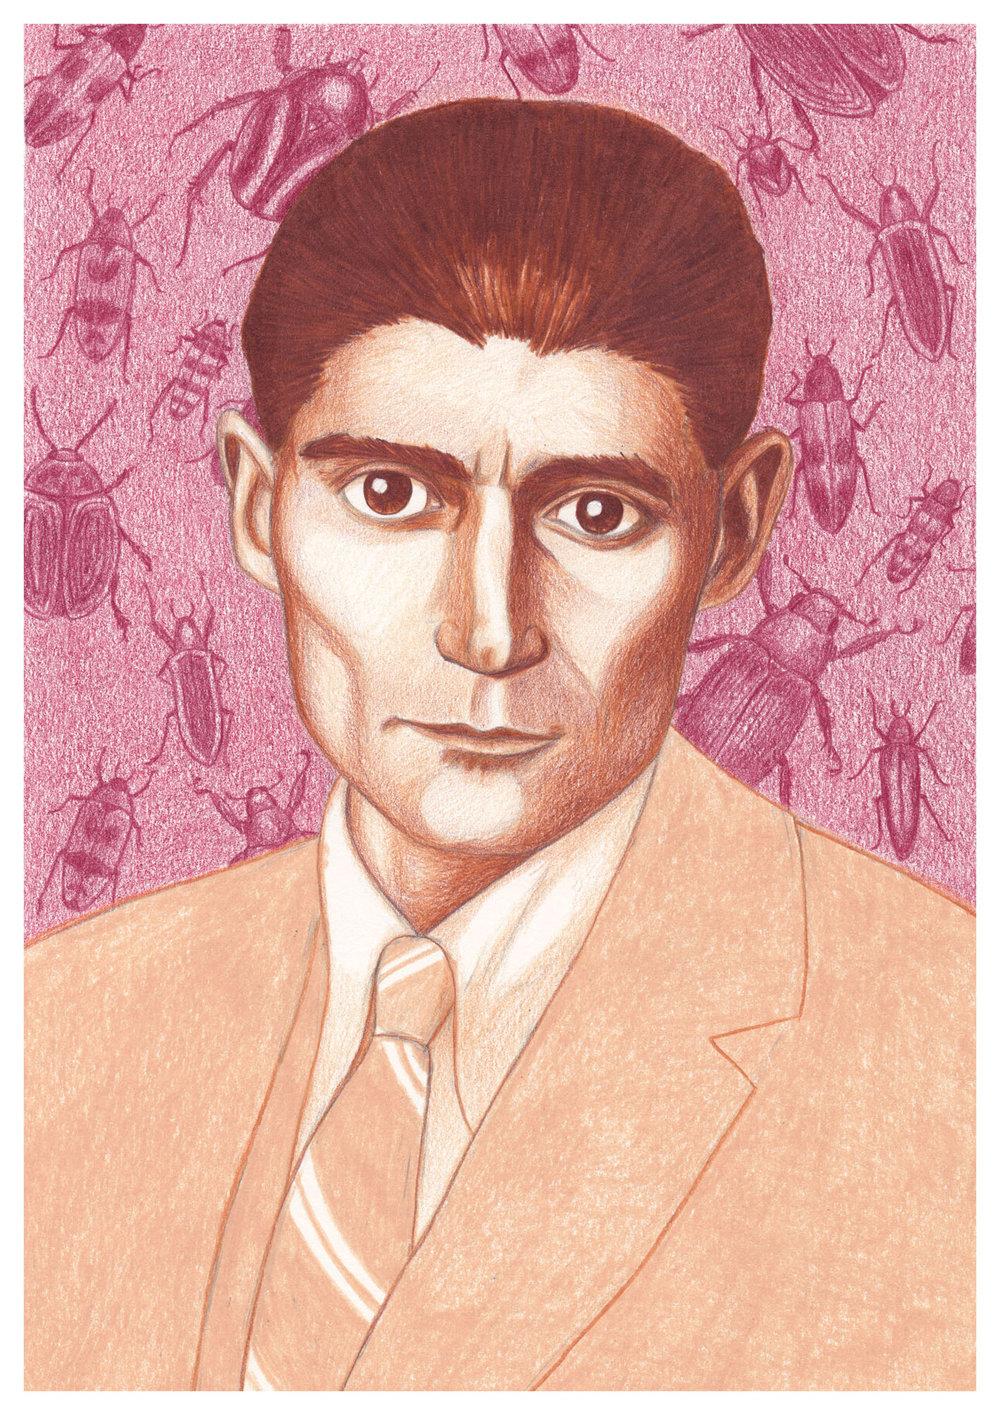 my finished illustration of Franz Kafka
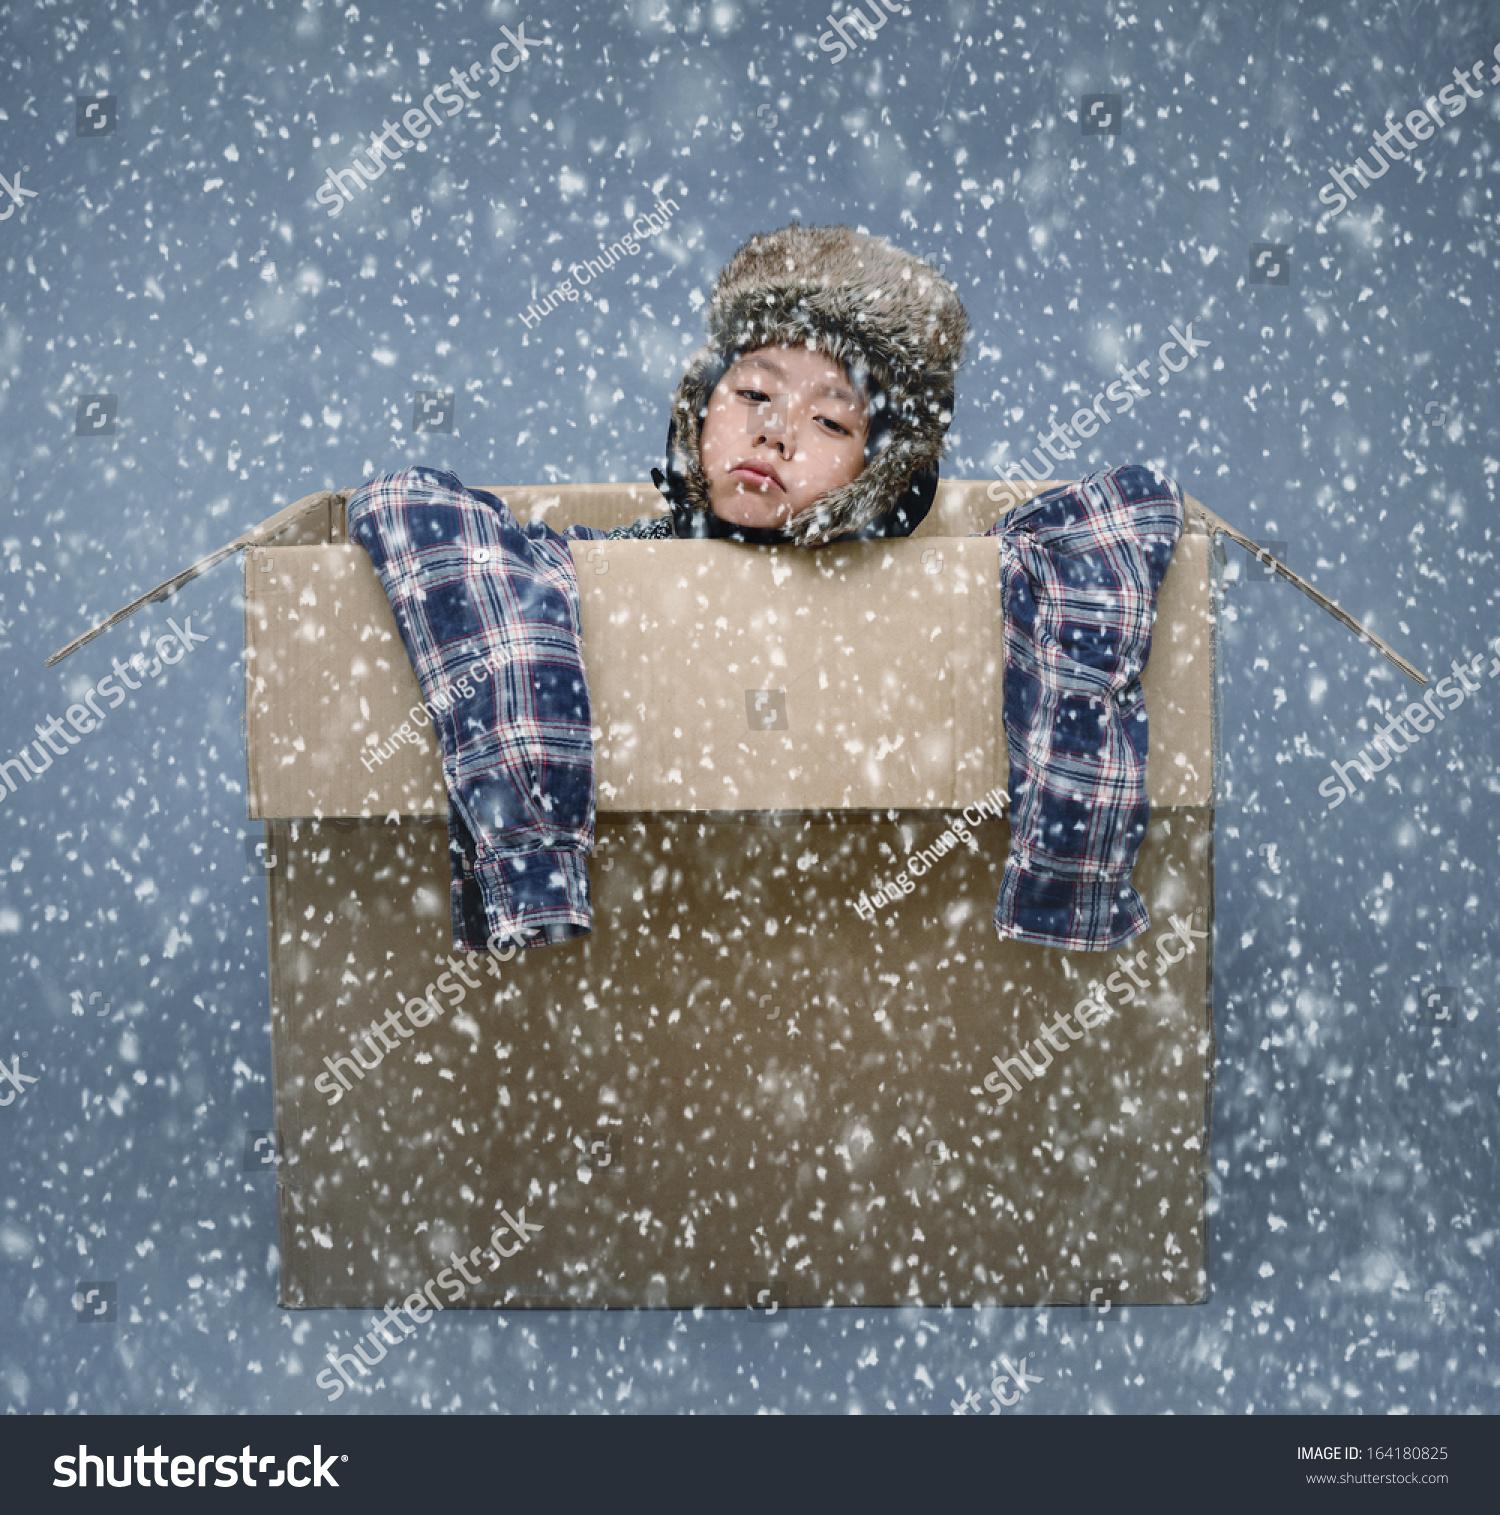 Homeless Boy Gets Bedroom For Christmas: Homeless Boy In Cardboard Box During Winter Snowfall Stock
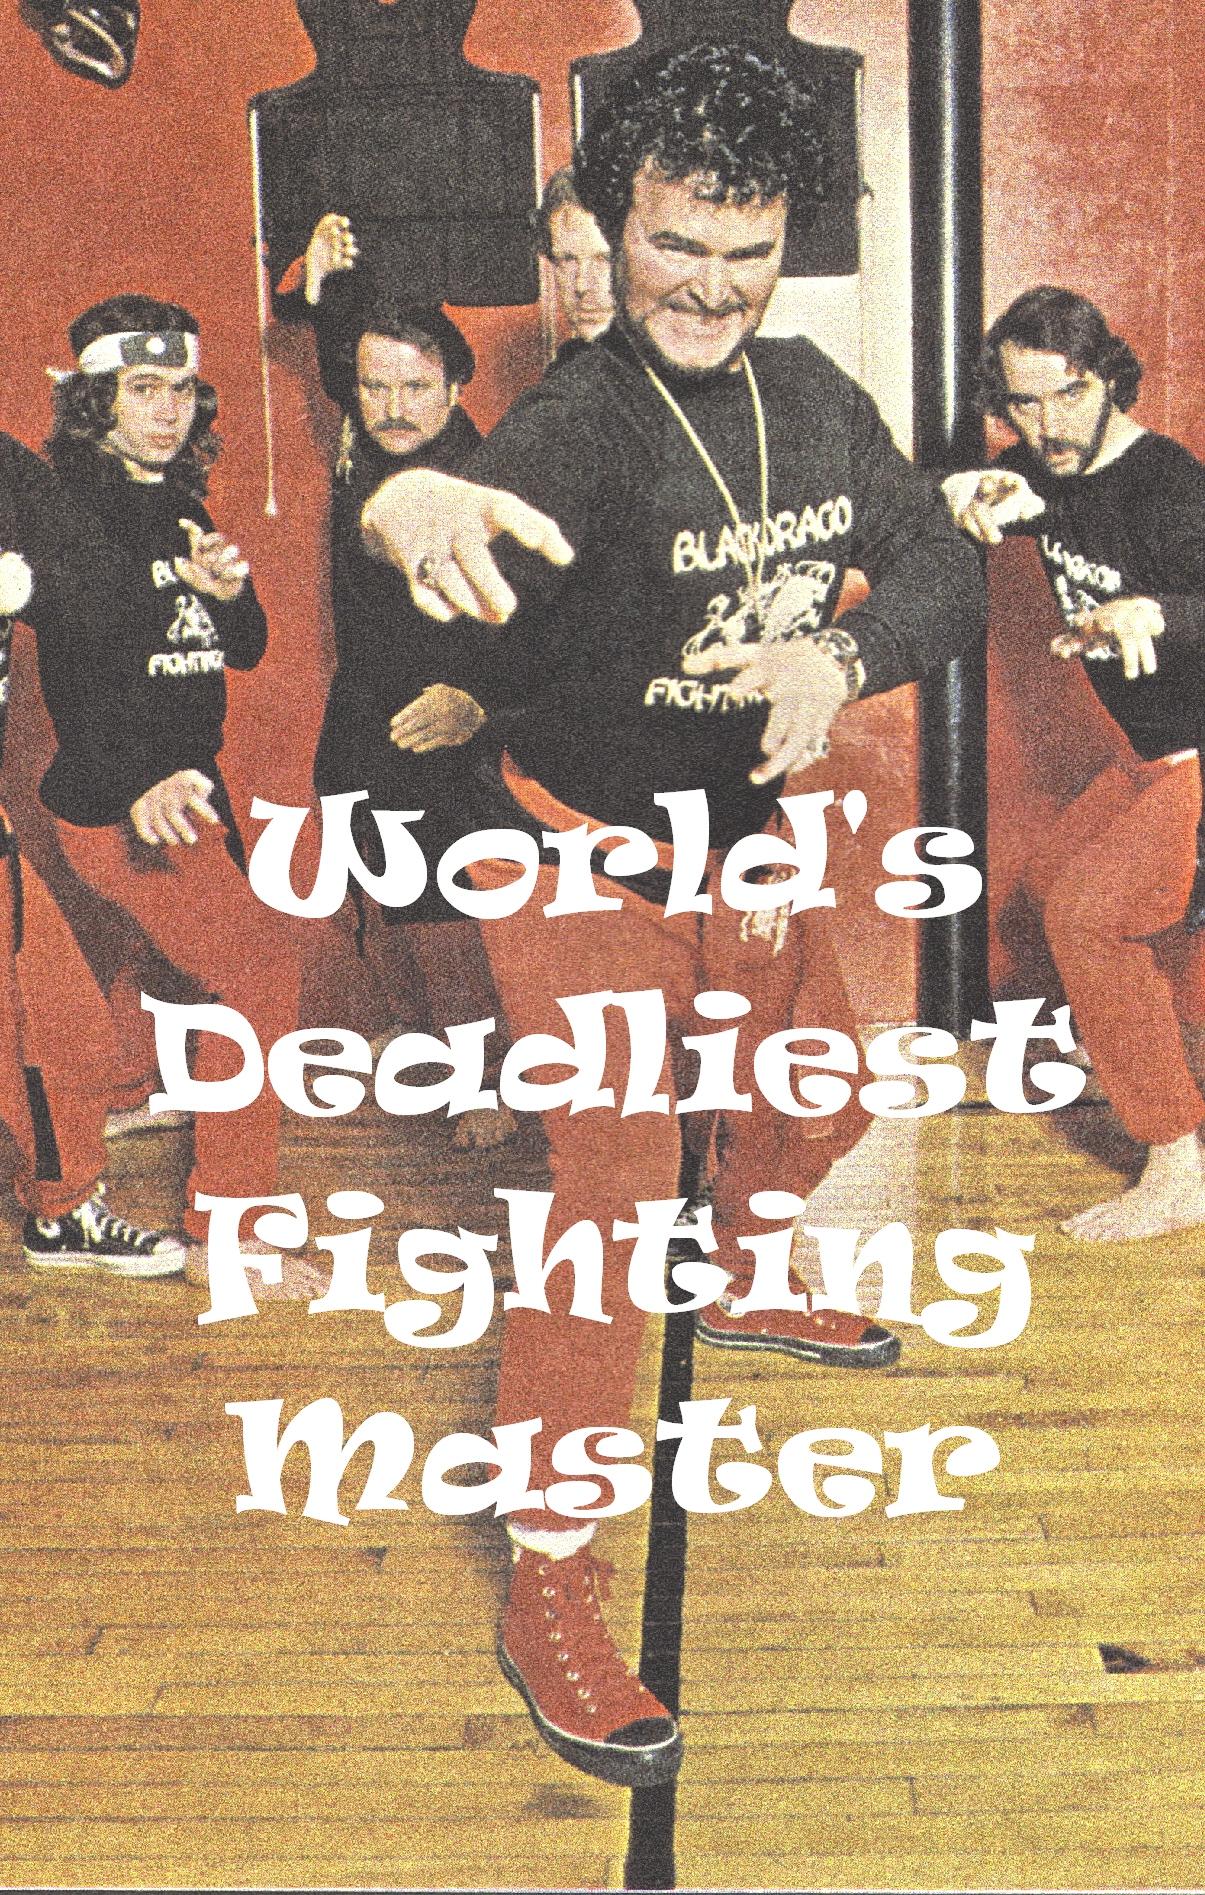 WORLD'S DEADLIEST FIGHTING MASTER

# # #

Task to carry out » Pictures excluded, copy exactly the lines running from the one with "Homeless Boy Gets" through the last line of the material.

Written reply »
 Homeless Boy Gets Bedroom For Christmas: Homeless Boy In Cardboard Box During Winter Snowfall Stock
 WORLD'S DEADLIEST FIGHTING MASTER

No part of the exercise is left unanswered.